The Board of Directors of Lavipharm SA approved by unanimous decision of the present members the granting of a license for the acquisition by the company of an intangible asset of a profitable business activity, consisting of all the exclusive rights of ownership, production, marketing and distribution throughout the world, except the .P.A., a transdermal product (patch) for administration of the active medicinal substance of clonidine, aimed at sufferers of high blood pressure, as well as the existing commercial activity of distribution of this product in Italy (all of the above together the “Property Element”) and the drawing up of a contract in accordance with the terms contained therein against the following consideration:
1. Amount of Euro 34,000,000.00
2. A percentage of 10% on the net sales of the above pharmaceutical product by the Company in Italy for a period of 15 years starting from the date of completion of the Proposed Acquisition and
3. A 5% rate on the net sales of the above pharmaceutical product by the Company in the rest of the world, except for the United States of America and Italy (to which the provisions contained in 2 above apply) for a period of 15 years, starting from the date of the first commercial sale of the Asset in any country in the rest of the world, except the United States of America and Italy. From the Proposed Consideration, an amount of Euro 34,000,000.00 is proposed to be financed through part of the funds to be raised from the share capital increase.

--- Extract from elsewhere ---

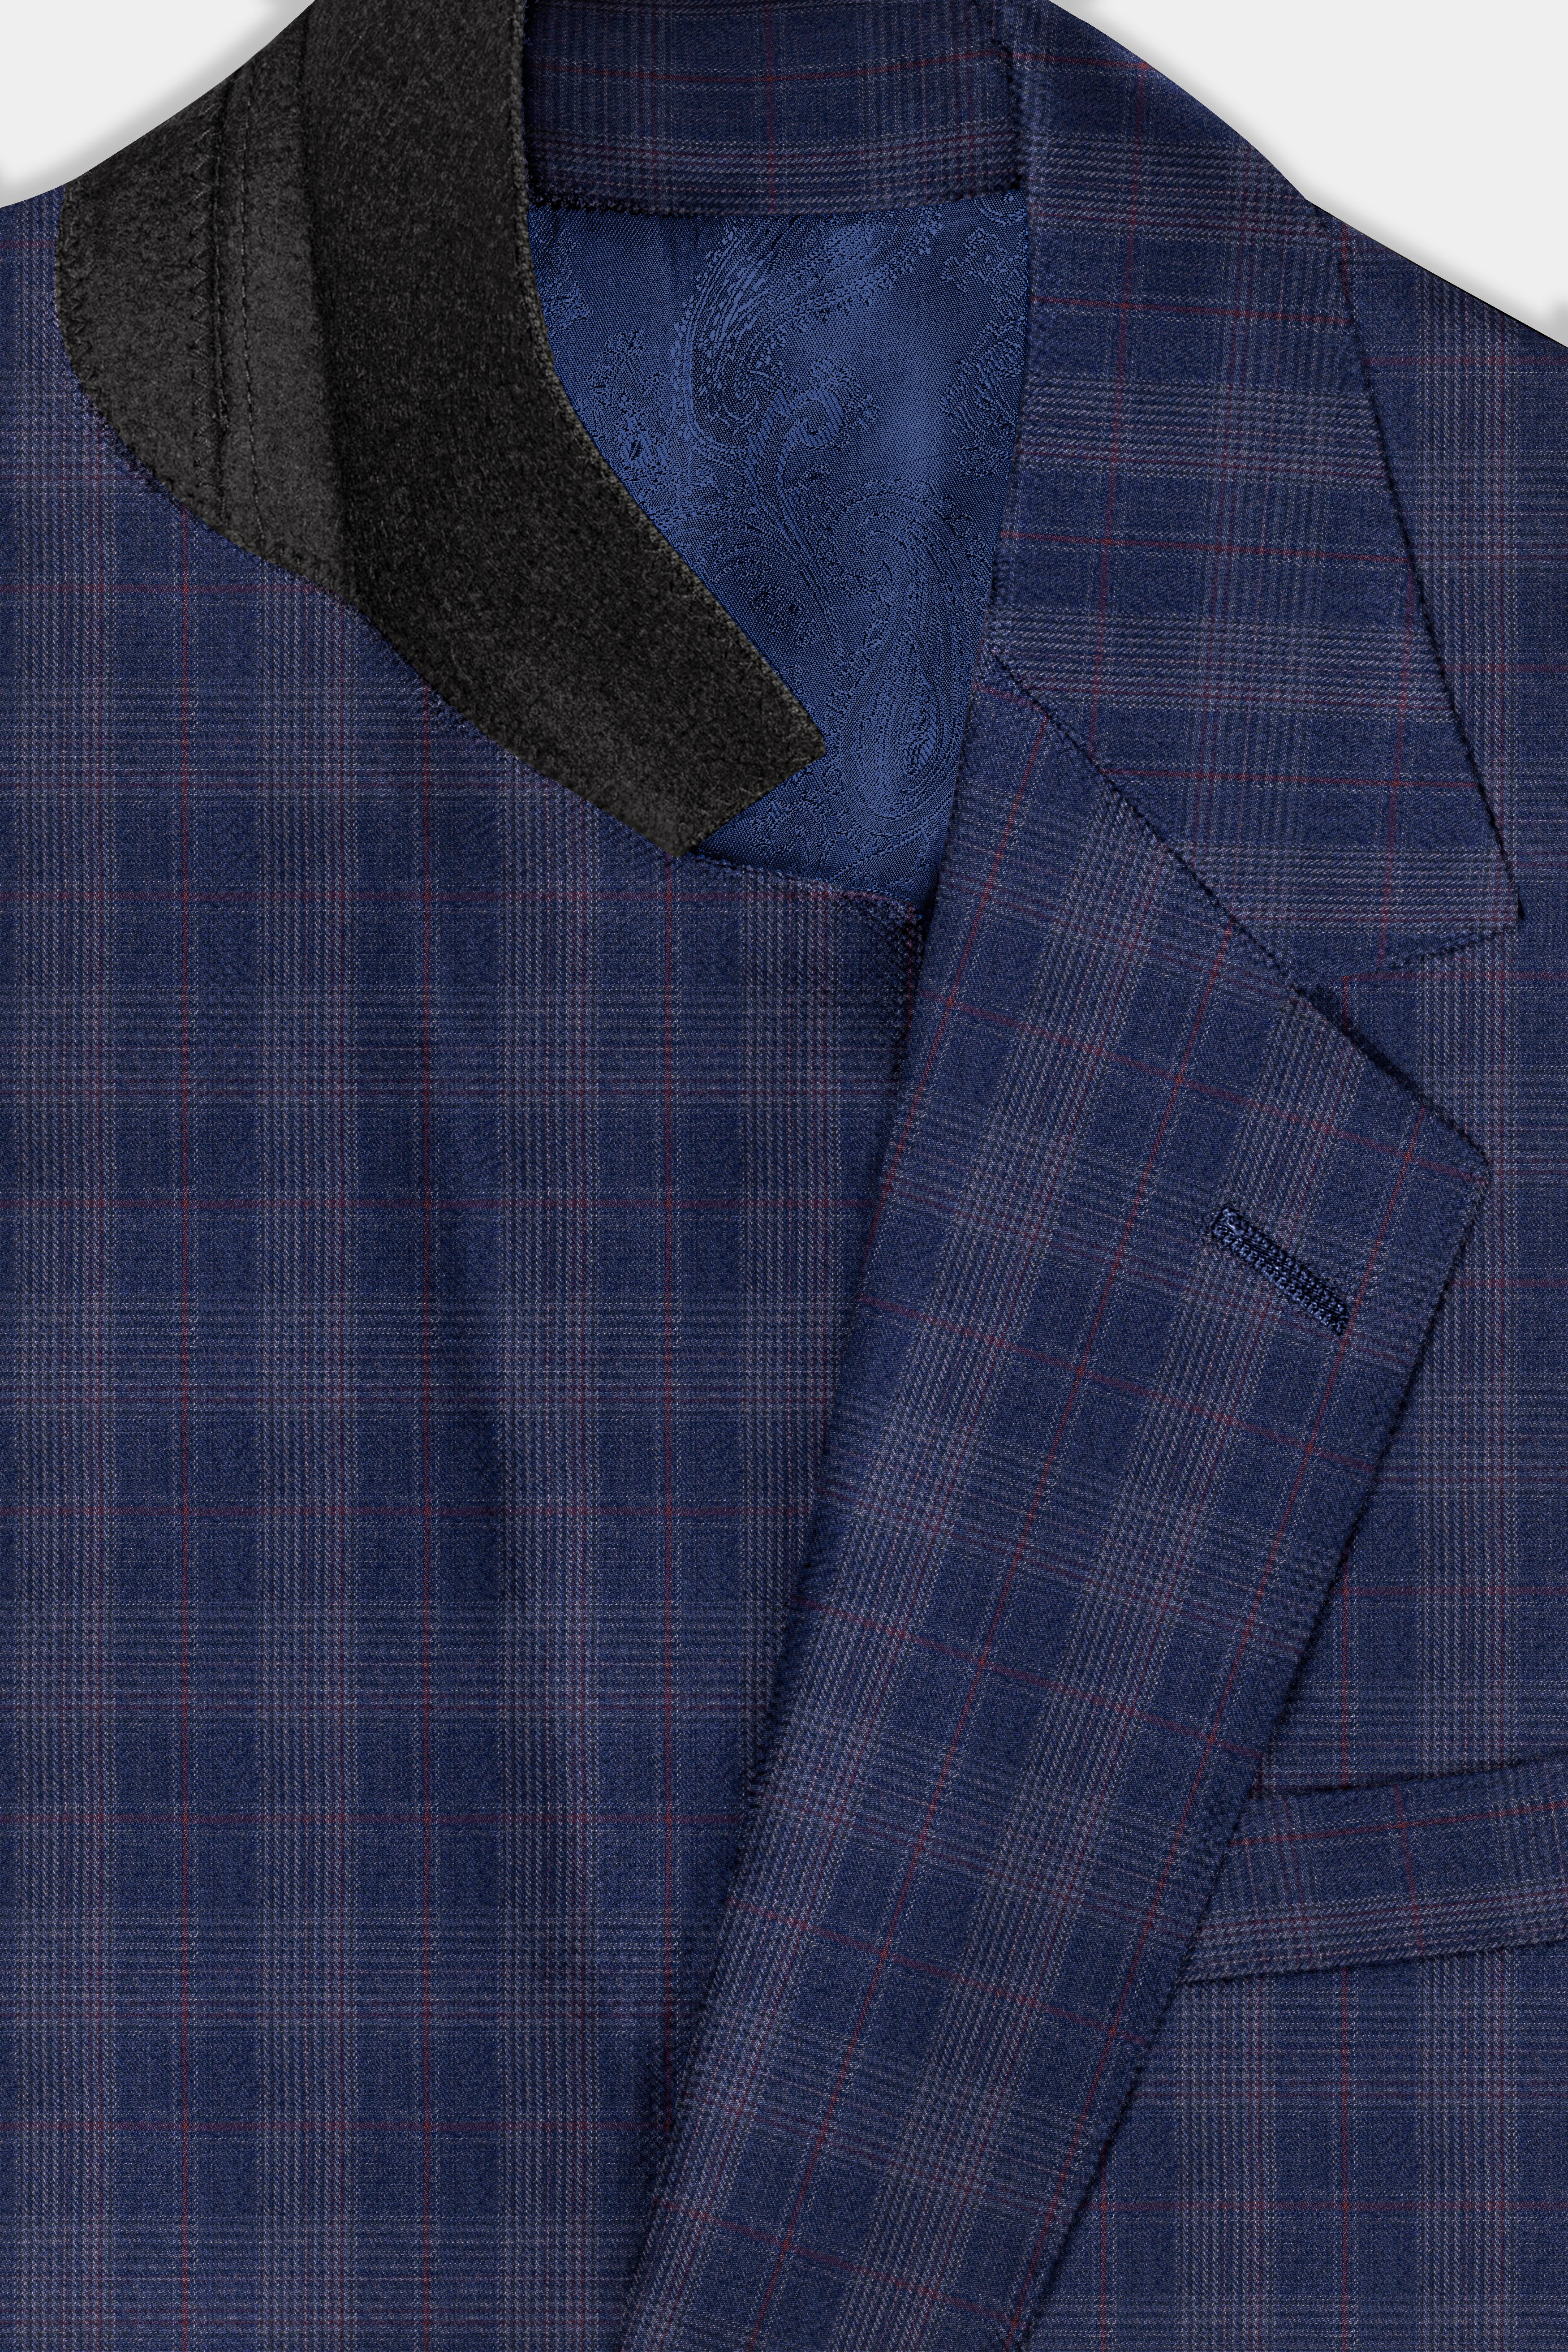 Tuna Blue Checkered Wool Blend Suit
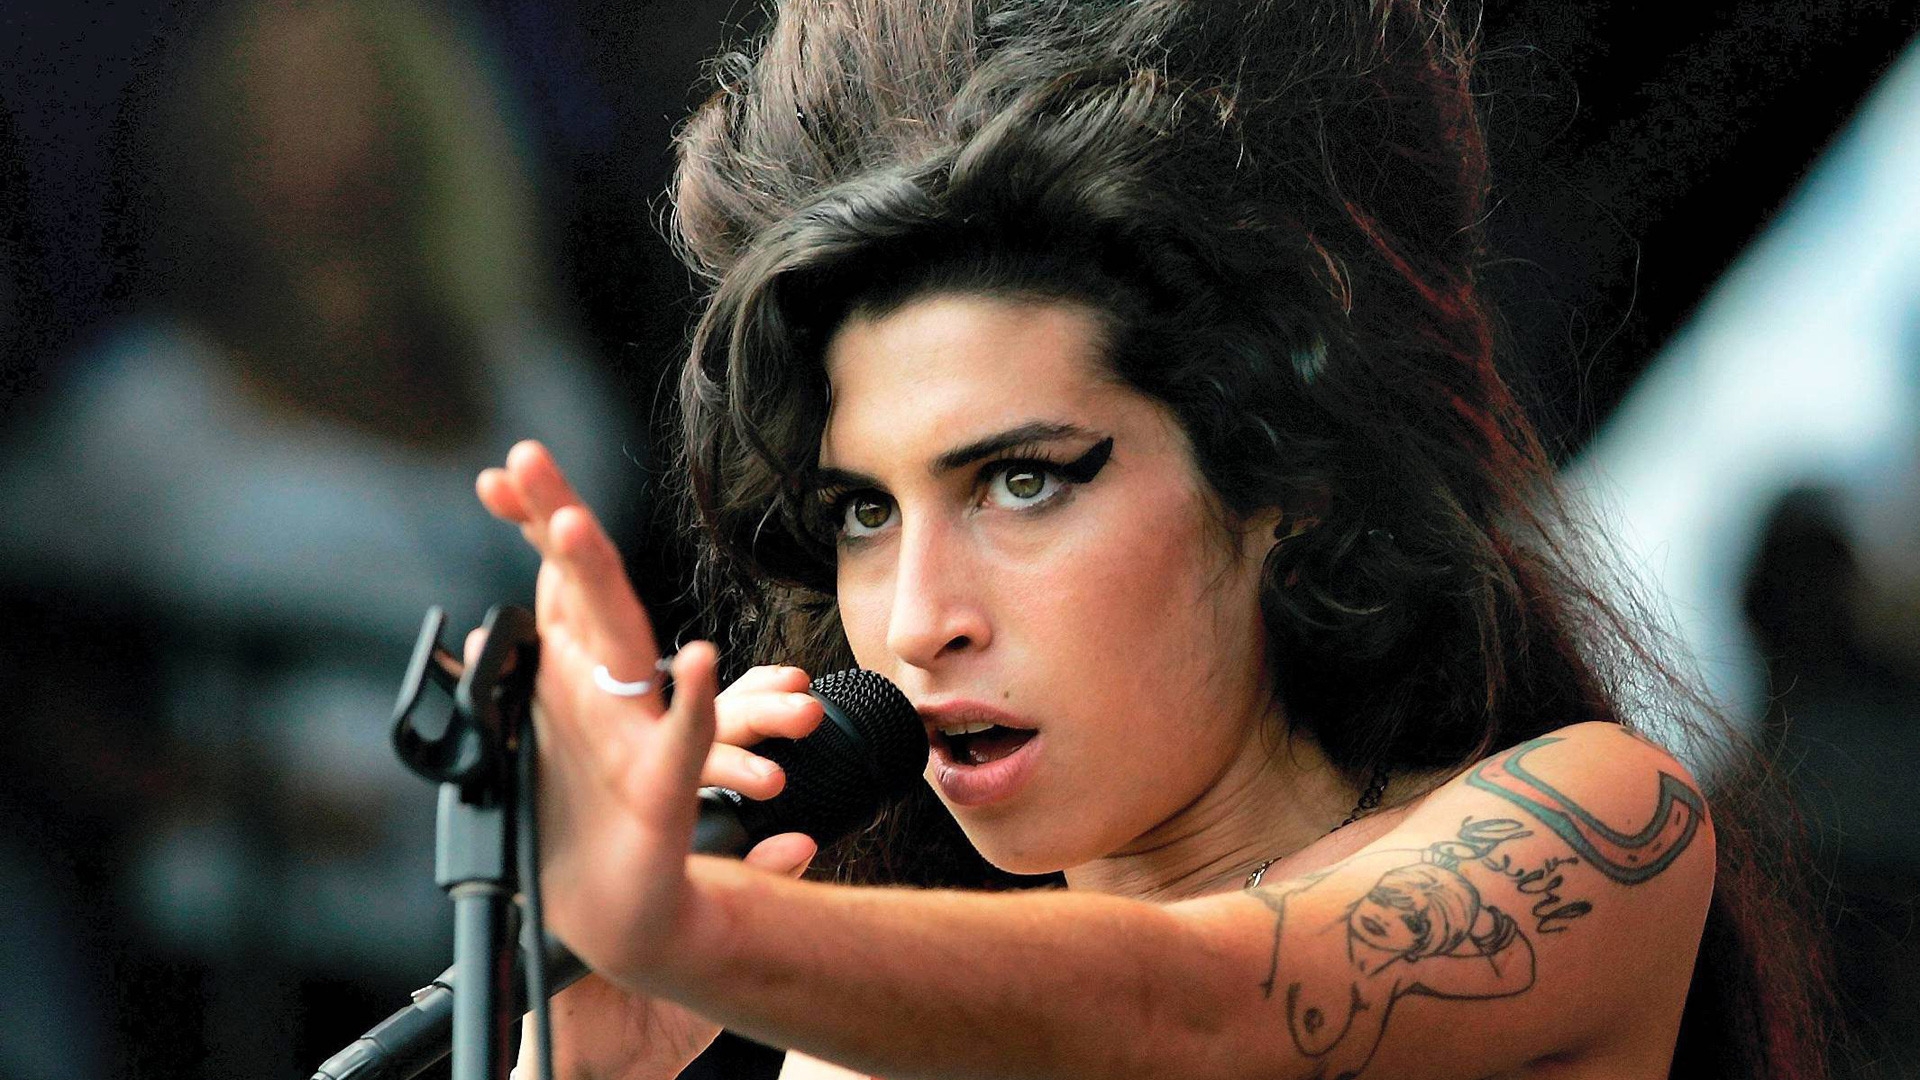 Amy Winehouse Singing for 1920 x 1080 HDTV 1080p resolution

The Asset belongs to the foreign company called Lavipharm Group Holding SA (the “LGH”), owned by Loukias Lavidas, Elli Maria Lavidas, Telemaque Jean Lavidas, Danai Alexandra Lavidas and Phaedra Elenis Lavidas, legal heirs under the will of the late Athanasios Lavidas
It is noted that, before taking the above decision, the Board requested and received from the independent auditing company AUDIT SERVICES SA a report on the fairness and reasonableness of the Proposed Acquisition.